The NYSE and Nasdaq rule proposals are separate from the SEC’s proxy disclosure rule relating to the disclosure of conflicts of interest of compensation consultants. The disclosure rule, set out in Item 407(e)(3)(iv) of Regulation S-K, requires that reporting companies disclose the nature of any conflict of interest posed by a compensation consultant’s work relating to director or executive officer compensation and how that conflict is being addressed. The SEC did not define the term "conflict of interest" but added an instruction referring to the six compensation committee adviser independence factors described below for consideration in determining whether a conflict of interest exists. The requirement applies only for consultants otherwise identified in a company’s proxy statement under existing Item 407(e)(3)(iii), which among other things excludes consultants that only provide advice on broad-based compensation arrangements or that provide certain types of survey data, and does not apply to other committee advisors such as legal counsel. This rule applies to proxy statements for stockholder meetings for the election of directors occurring on or after January 1, 2013.

A summary of the proposed NYSE and Nasdaq rules follows.

NYSE Proposed Rules

Compensation Committee Member Independence

The NYSE rules generally require that listed companies have a compensation committee composed entirely of "independent directors." Section 303A.02 presently provides that a director will not qualify as independent unless the board of directors of the issuer affirmatively determines that the director has no material relationship with the listed company (either directly, or as a partner, stockholder or officer of an organization that has a relationship with the company). Additionally, Section 303A.02 provides that a director will not be independent if the director has a relationship with the company that violates any of five enumerated bright line tests set forth in the rule.

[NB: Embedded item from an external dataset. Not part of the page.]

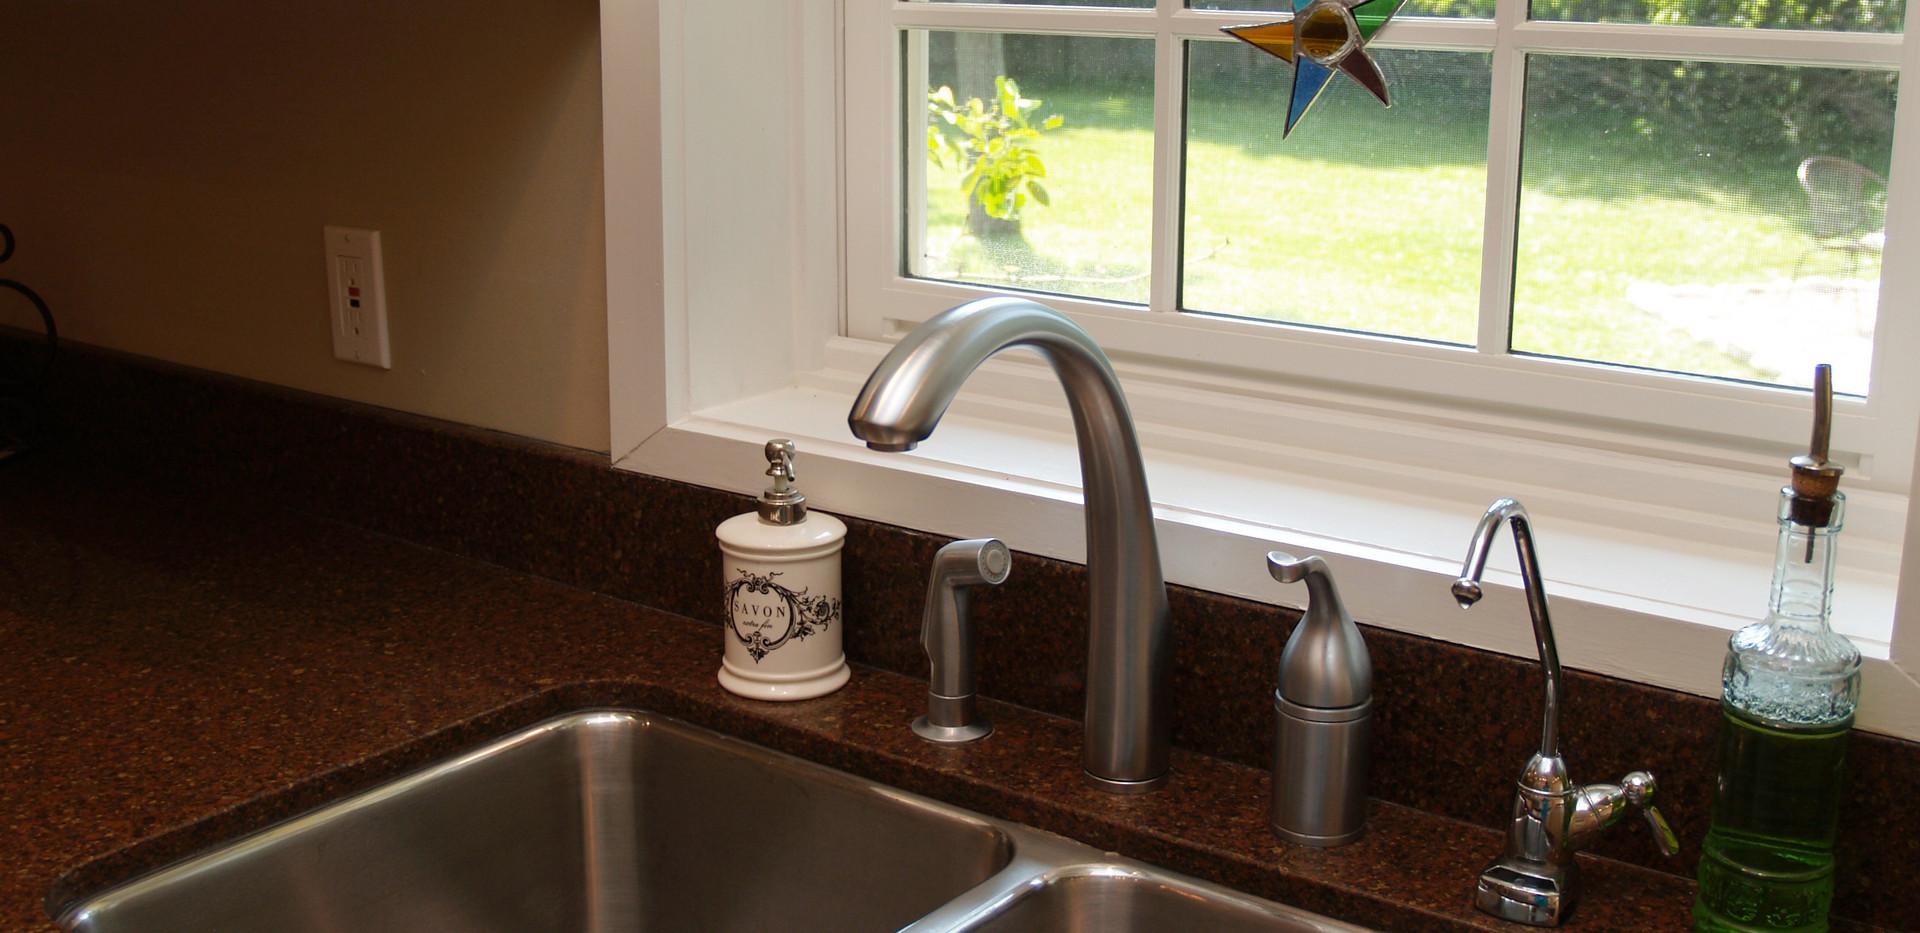 014_Kitchen Sink.jpg

The proposal does not revise any of the bright-line tests. Instead, the NYSE proposes to include a new subsection to the independence standard which will require that the listed company’s board consider all factors specifically relevant to determining whether a director has a relationship to the listed company which is material to that director’s ability to be independent from management in connection with the duties of a compensation committee member. Two factors specifically enumerated for consideration are:

  1. (i) the source of compensation of such director, including any consulting, advisory or other compensatory fee paid by the listed company to such director; and
  2. (ii) whether such director is affiliated with the listed company, a subsidiary of the listed company or an affiliate of a subsidiary of the listed company.

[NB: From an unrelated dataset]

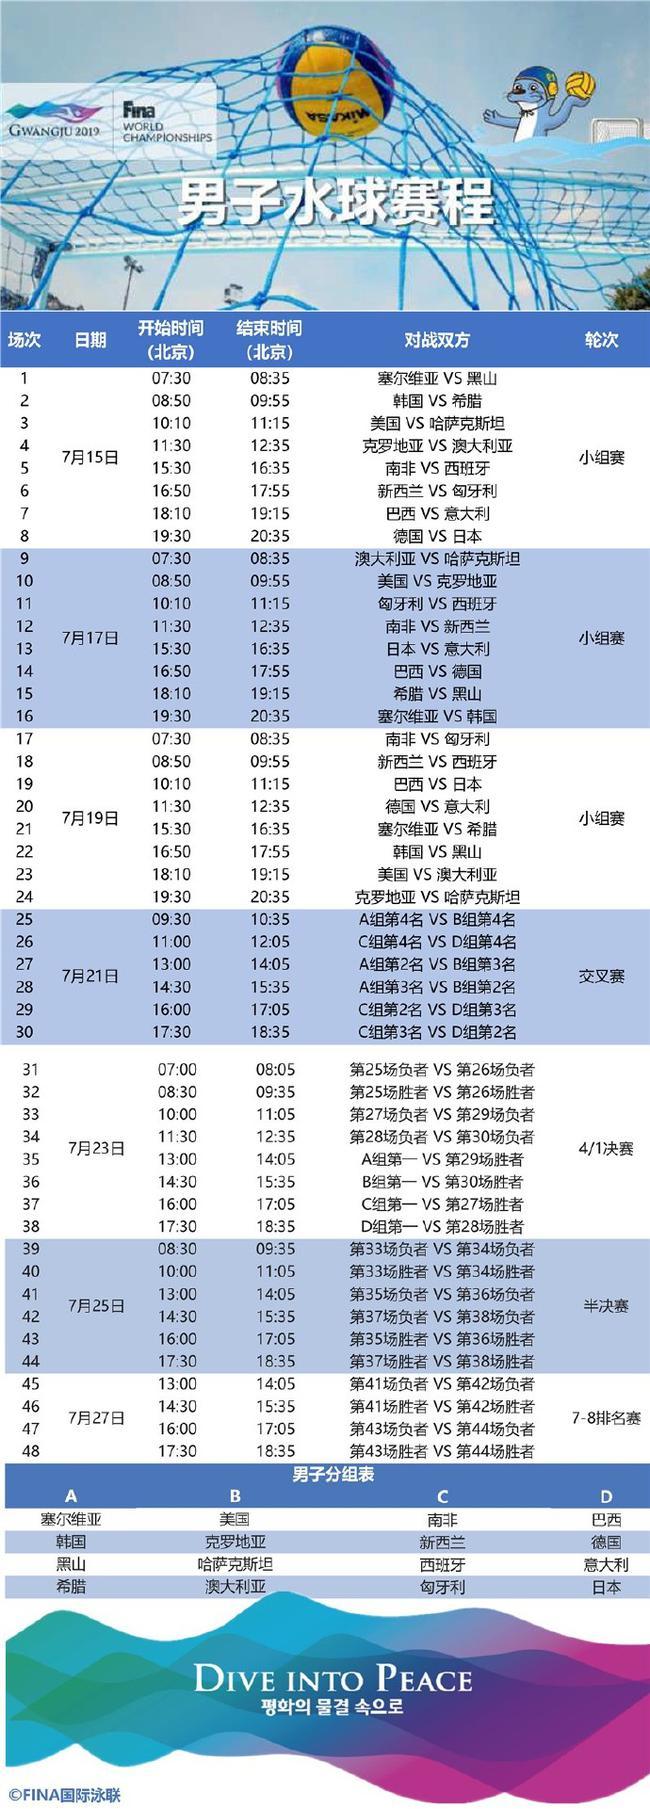 游泳世锦赛中国女子水球队出战 名单及赛程公布

In its rule proposal, the NYSE indicated that it does not intend to prohibit a director from being determined to be independent solely on the basis that the director, or any of the director’s affiliates, is a stockholder of the listed company. In taking this position, the NYSE acknowledged that rather than adversely affecting a director’s ability to be independent from management as a compensation committee member, share ownership in the listed company aligns the director’s interests with those of unaffiliated stockholders, giving the director the same economic interest in ensuring that the listing company’s executive compensation is not excessive.

The NYSE proposal would provide for a cure period for events of non-compliance with the proposed compensation committee independence requirements. As proposed, if the company fails to comply with the committee composition requirements because a member of the committee ceases to be independent for reasons outside of his or her reasonable control, that person, with prompt notice to the NYSE and only so long as a majority of the members of the committee continue to be independent, may remain a member of the committee until the earlier of the next annual meeting or one year from the occurrence of the disqualifying event.

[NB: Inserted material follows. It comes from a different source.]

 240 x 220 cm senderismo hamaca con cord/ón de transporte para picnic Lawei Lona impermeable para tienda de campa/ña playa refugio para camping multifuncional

Compensation Committee Authority

Presently, the commentary to Section 303A.05 of the NYSE Manual provides that if a compensation consultant is to assist in the evaluation of director, chief executive officer or executive officer compensation, then a listed company’s compensation committee charter should give the committee the sole authority to retain and terminate the consulting firm, including the sole authority to approve the fee’s and other retention terms of the compensation consultant. The NYSE proposes to remove such guidance and replace it with a new clause (c) to Section 303A.05. This will require that the compensation committee’s charter include the specific authorizations contained in Exchange Act Rule 10C-1b(2) and (3) (consistent with prior NYSE guidance), which generally require that:

  1. the committee of a listed issuer have the sole discretion to retain or obtain the advice of not only a compensation consultant, but also independent legal counsel or other advisers;
  2. the committee must be directly responsible for the appointment, compensation and oversight of the work of such advisers; and
  3. the company must provide for appropriate funding, as determined by the committee, for payment of such advisers.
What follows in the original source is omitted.